M.Sc Thesis

M.Sc StudentRaveh Or
SubjectLearning and Communication in a Multi-Agent Setup
DepartmentDepartment of Electrical and Computer Engineering
Supervisor PROF. Ron Meir
Full Thesis textFull thesis text - English Version


In recent years, there has been an increased interest in distributed artificial intelligence, and particularly in multi-agent systems learning. In cooperative multi-agent systems, agents cooperate in order to perform some task, such as information gathering, traffic light control and navigation. While these systems have obvious advantages over single-agent systems due to shared information, an important limitation is the presence of restrictions over the communication channels, ubiquitous in real-world systems. Such restrictions can result from various reasons, such as thermal noise, quantization error, latency, communication failure etc. and appear to be not only an important, but also a necessary consideration, as it has been argued that a multi-agent system with perfect communication is analogous to a single agent system with multiple effectors. However, the effects of these restrictions on the performance of exploration in multi-agent systems learning have not been investigated thoroughly theoretically.
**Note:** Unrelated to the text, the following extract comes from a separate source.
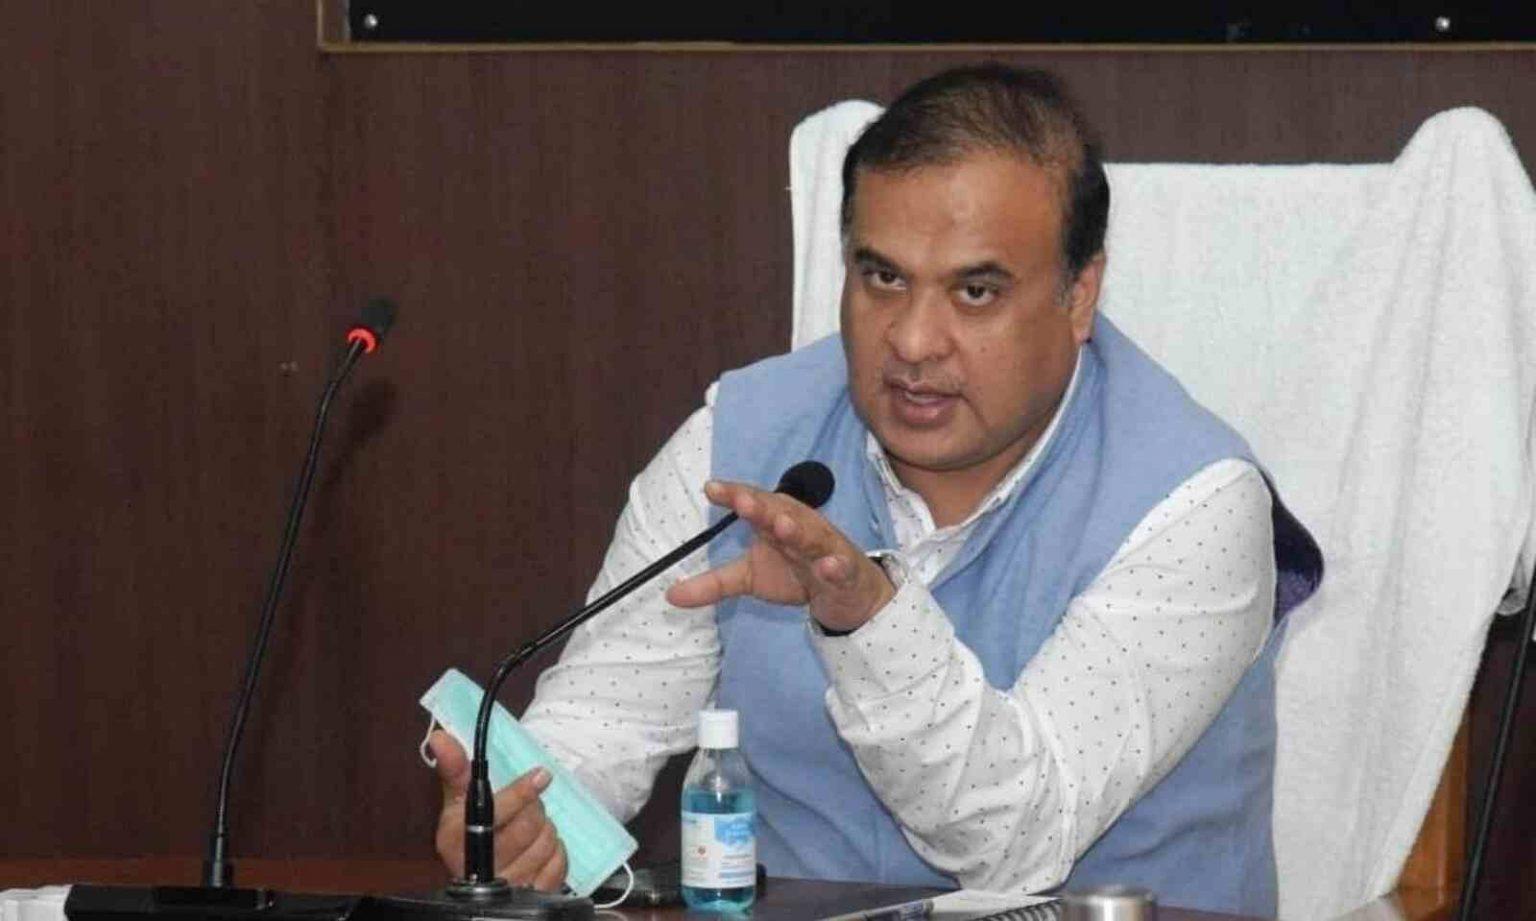 Assam CM Himanta Biswa assures govt jobs for National Games Medalists   అస్సాం సిఎం హిమంత బిస్వా జాతీయ క్రీడల పతక విజేతలకు ప్రభుత్వ ఉద్యోగాలు హామీ ఇచ్చారు  _40.1
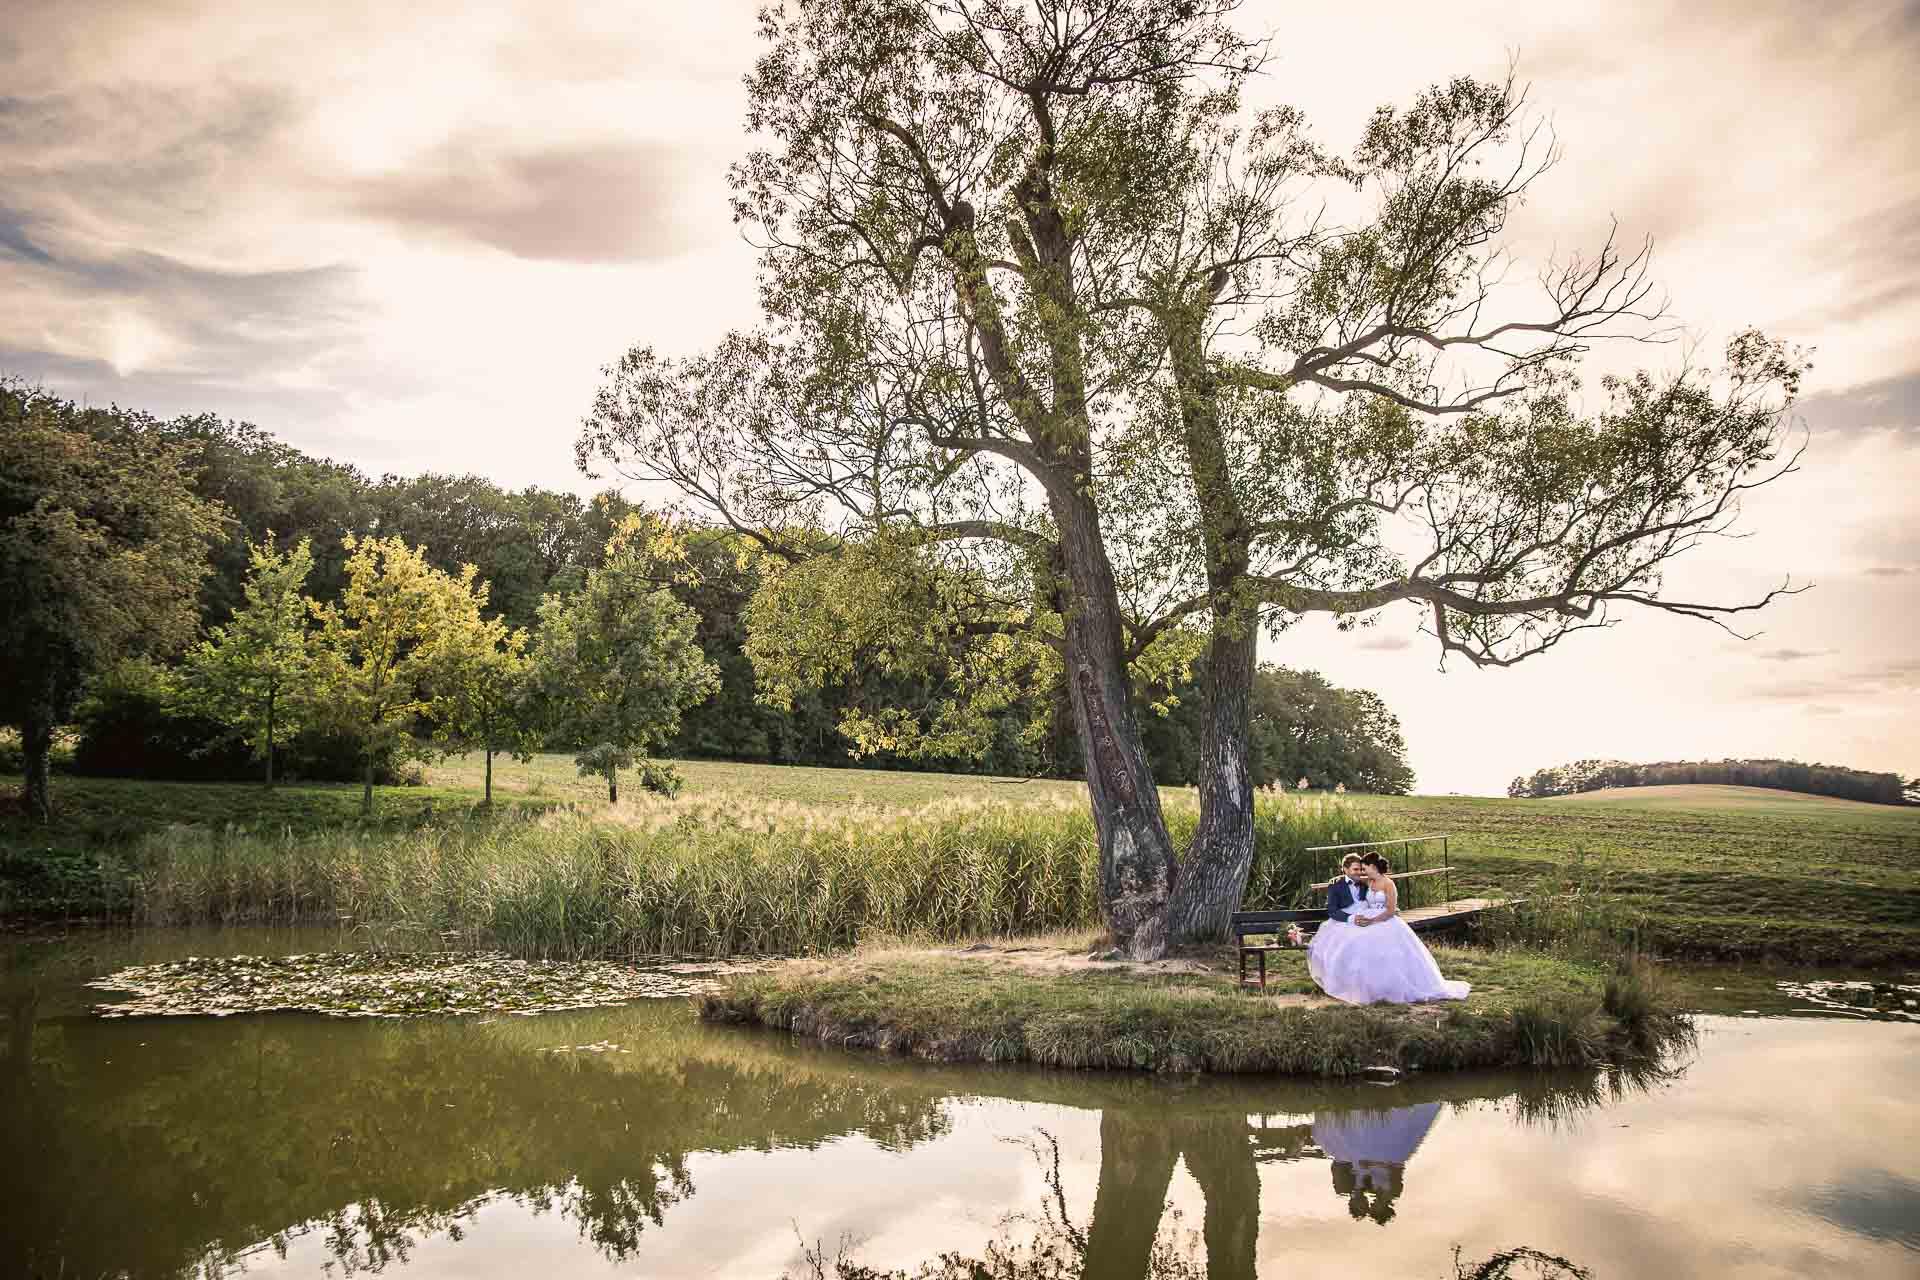 svatební-fotografie-Říp-svatební-video-ŘÍP-svatební-fotograf-ŘÍP-svatba-Mělník-svatba-Neratovice-fotograf-na-savtbu-kameraman-na-svatbu-385

In this work, as our learning method for cooperative multi-agent systems we focus on model-free Reinforcement Learning, which has demonstrated impressive recent success in many domains (noticeably game playing and robotic manipulation). We develop a theoretically motivated Reinforcement Learning algorithm for multi-agent systems, in a framework that allows noisy and resource limited sparse communication between agents. By analyzing this algorithm, we provide the first (to the best of our knowledge) Probably Approximate Correct bounds for multi-agent Reinforcement Learning in this setting. Our algorithm optimally combines information from the resource-limited agents, thereby analyzing the tradeoff between noise and communication constraints and quantifying their effects on the overall system performance.